Fetal membranes are specialized tissues that surround and protect a developing fetus throughout pregnancy. Their presence is fundamental for a healthy pregnancy, providing an environment that supports growth and safeguards the fetus from external forces and potential harm.
What Fetal Membranes Are
Fetal membranes are extraembryonic membranes that enclose the embryo and fetus. They develop from the zygote and are not considered maternal tissue. These membranes generally position themselves within the uterus, forming a protective sac around the developing life. There are four main types of fetal membranes: the amnion, chorion, yolk sac, and allantois.
Roles of Individual Membranes
The amnion is the innermost membrane directly enclosing the fetus and the amniotic fluid. This thin, transparent membrane produces the amniotic fluid, which fills the amniotic sac.
The chorion is the outer membrane, positioned external to the amnion. The chorion plays a significant role in forming the fetal part of the placenta. It features chorionic villi, which are extensions that invade the uterine lining, establishing a connection for nutrient and waste exchange between mother and fetus.
The yolk sac is a small, membranous structure outside the embryo, connecting to the midgut via the yolk stalk. In humans, it does not contain yolk.
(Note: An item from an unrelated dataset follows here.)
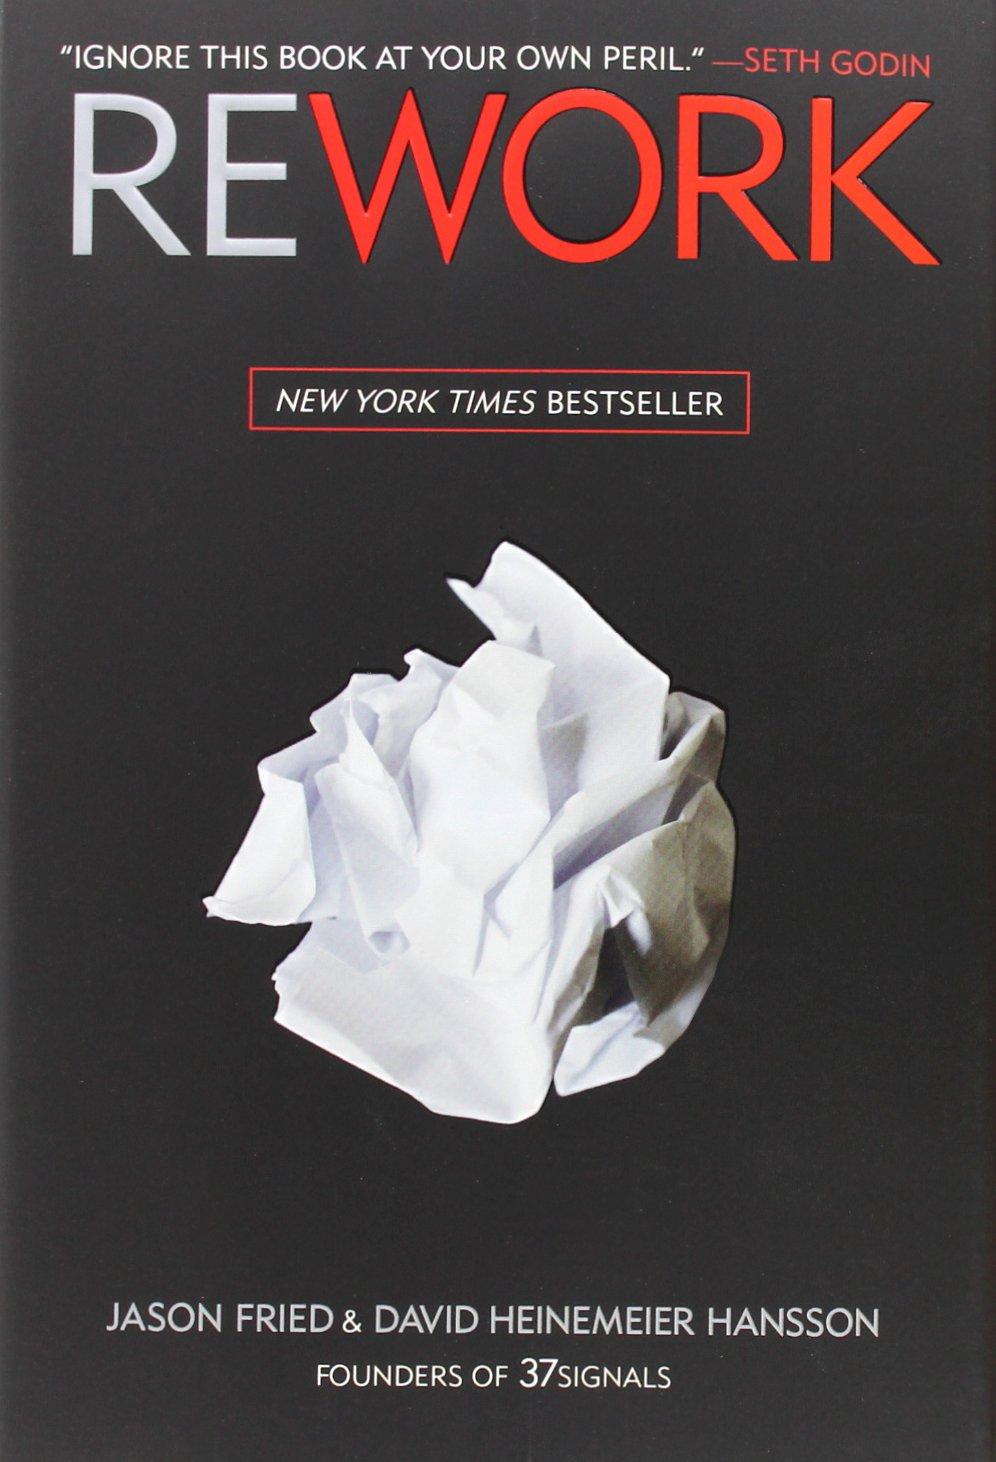 J. Fried, D. Heinemeier Hansson, Rework
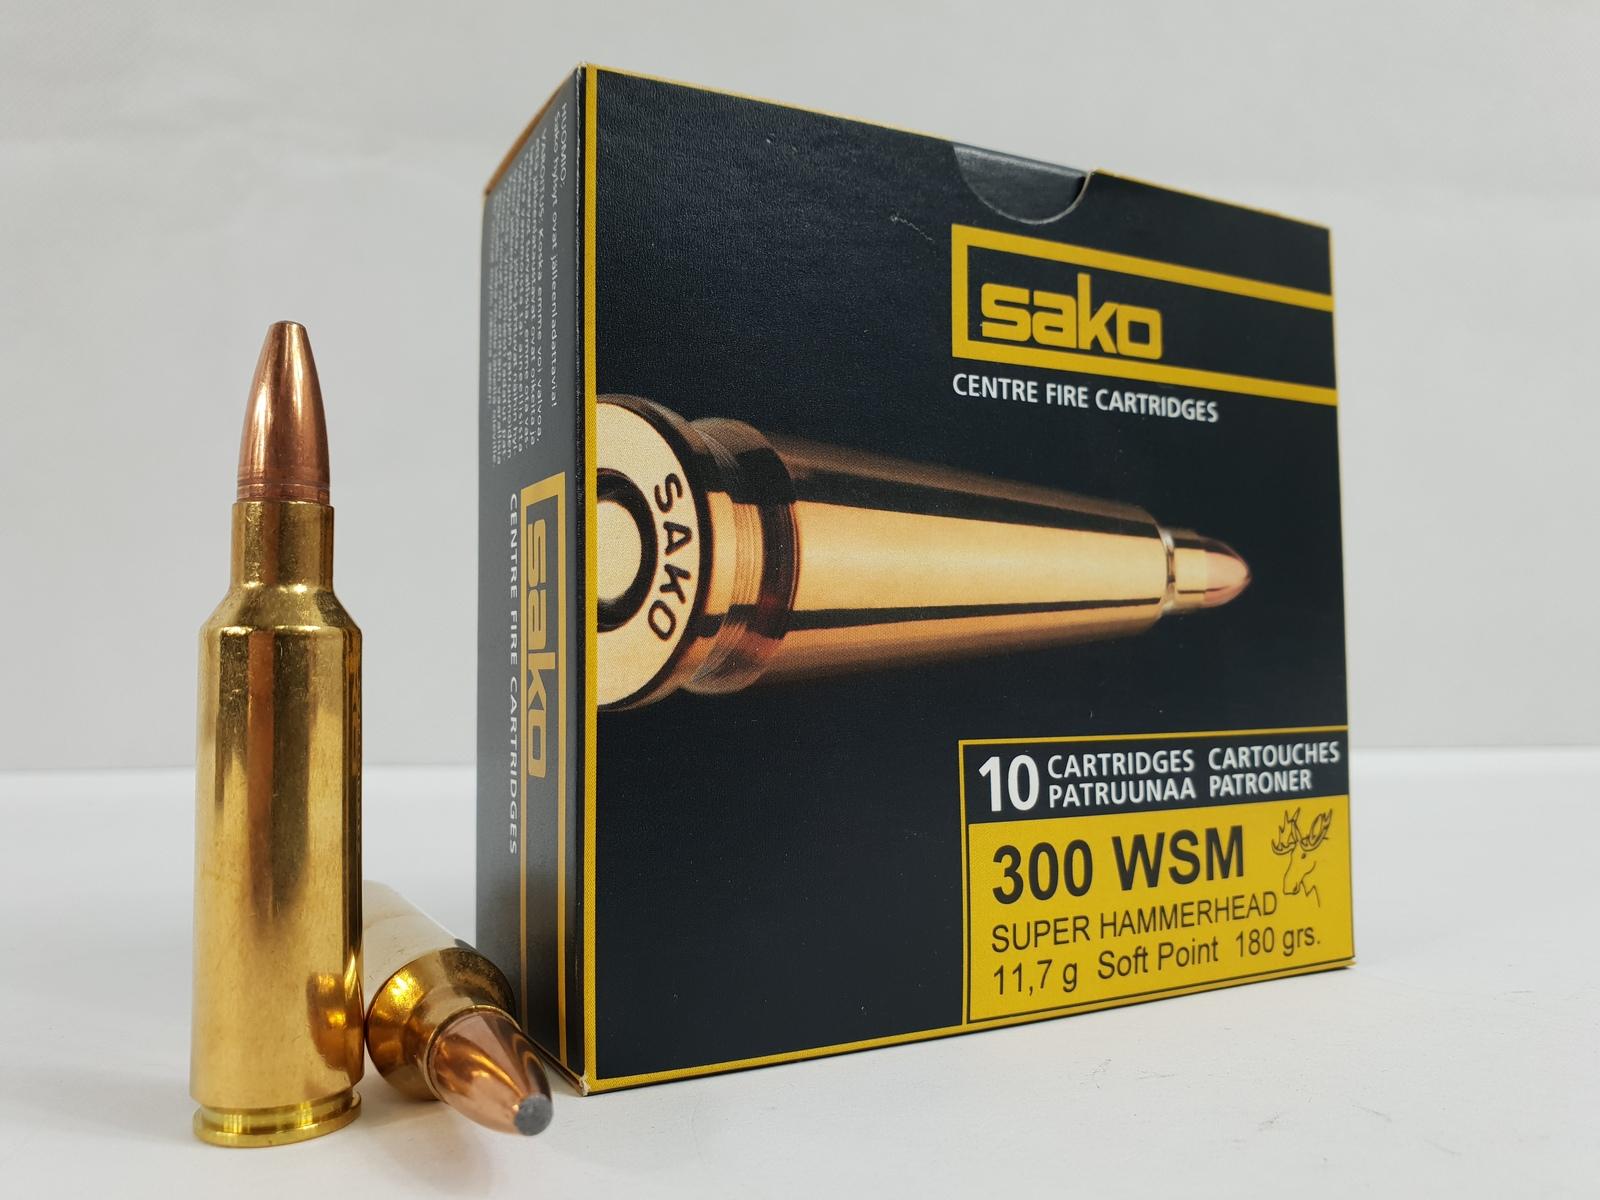 Sako 300 WSM Super Hammerhead 11,7g (236A) 10 kpl / ras

It provides temporary nourishment, facilitates gas exchange, and is a primary site for early blood cell formation. The yolk sac also produces germ cells and contributes to the formation of the gastrointestinal system and reproductive organs. This structure typically regresses by about 15 weeks of gestation.
The allantois is an outgrowth from the caudal end of the yolk sac. While small and somewhat regressed in humans, it contributes to the development of the umbilical cord by forming its blood vessels, the umbilical arteries and vein. The base of the allantois also contributes to the formation of the upper part of the urinary bladder.
How Membranes Protect and Support Fetal Development
The amniotic fluid, contained within the amnion, acts as a shock absorber, protecting the fetus from external trauma and mechanical pressures. This fluid also helps maintain a consistent temperature around the fetus, creating a stable thermal environment for its development. The fluid volume, typically ranging from 500 to 1000 ml at term, allows for free fetal movement, which is important for proper musculoskeletal development. Fetal breathing movements, involving the inhalation and swallowing of amniotic fluid, are also crucial for lung and digestive system development.
The chorion and amnion work together to form a barrier against ascending infections from the vagina. The chorion, with its villi, forms the fetal part of the placenta, facilitating the transfer of oxygen and nutrients from the mother’s blood to the fetus. Simultaneously, waste products from the fetus are transferred back to the mother for excretion. The rupture of these membranes, commonly known as “water breaking,” is a natural event signaling the onset of labor. This event increases prostaglandin production and decreases cushioning, both of which contribute to the frequency and intensity of uterine contractions.
Common Conditions Affecting Fetal Membranes
Premature Rupture of Membranes (PROM) occurs when the amniotic sac breaks before labor begins. If this happens before 37 weeks of pregnancy, it is termed preterm PROM (PPROM) and is a significant cause of preterm births. PROM increases the risk of infection for both the mother and the fetus, with the risk rising the longer the membranes remain open. Other implications include umbilical cord compression and placental abruption.
Chorioamnionitis is an infection and inflammation of the fetal membranes and amniotic fluid. This condition is typically caused by bacteria, such as E. coli and group B streptococci, that ascend from the vagina or anus. Risk factors include prolonged labor, premature rupture of membranes, and frequent vaginal examinations after the water breaks. Chorioamnionitis can lead to complications such as preterm birth, maternal sepsis, and neonatal infections like pneumonia or meningitis.
Amniotic fluid disorders involve an abnormal volume of amniotic fluid. Polyhydramnios refers to an excessive accumulation of amniotic fluid, occurring in about 1% of pregnancies. This can lead to preterm labor, premature rupture of membranes, and may indicate fetal anomalies. Conversely, oligohydramnios is characterized by insufficient amniotic fluid, affecting approximately 11% of pregnancies. Too little fluid can result in poor fetal lung development, umbilical cord compression, and delayed fetal growth.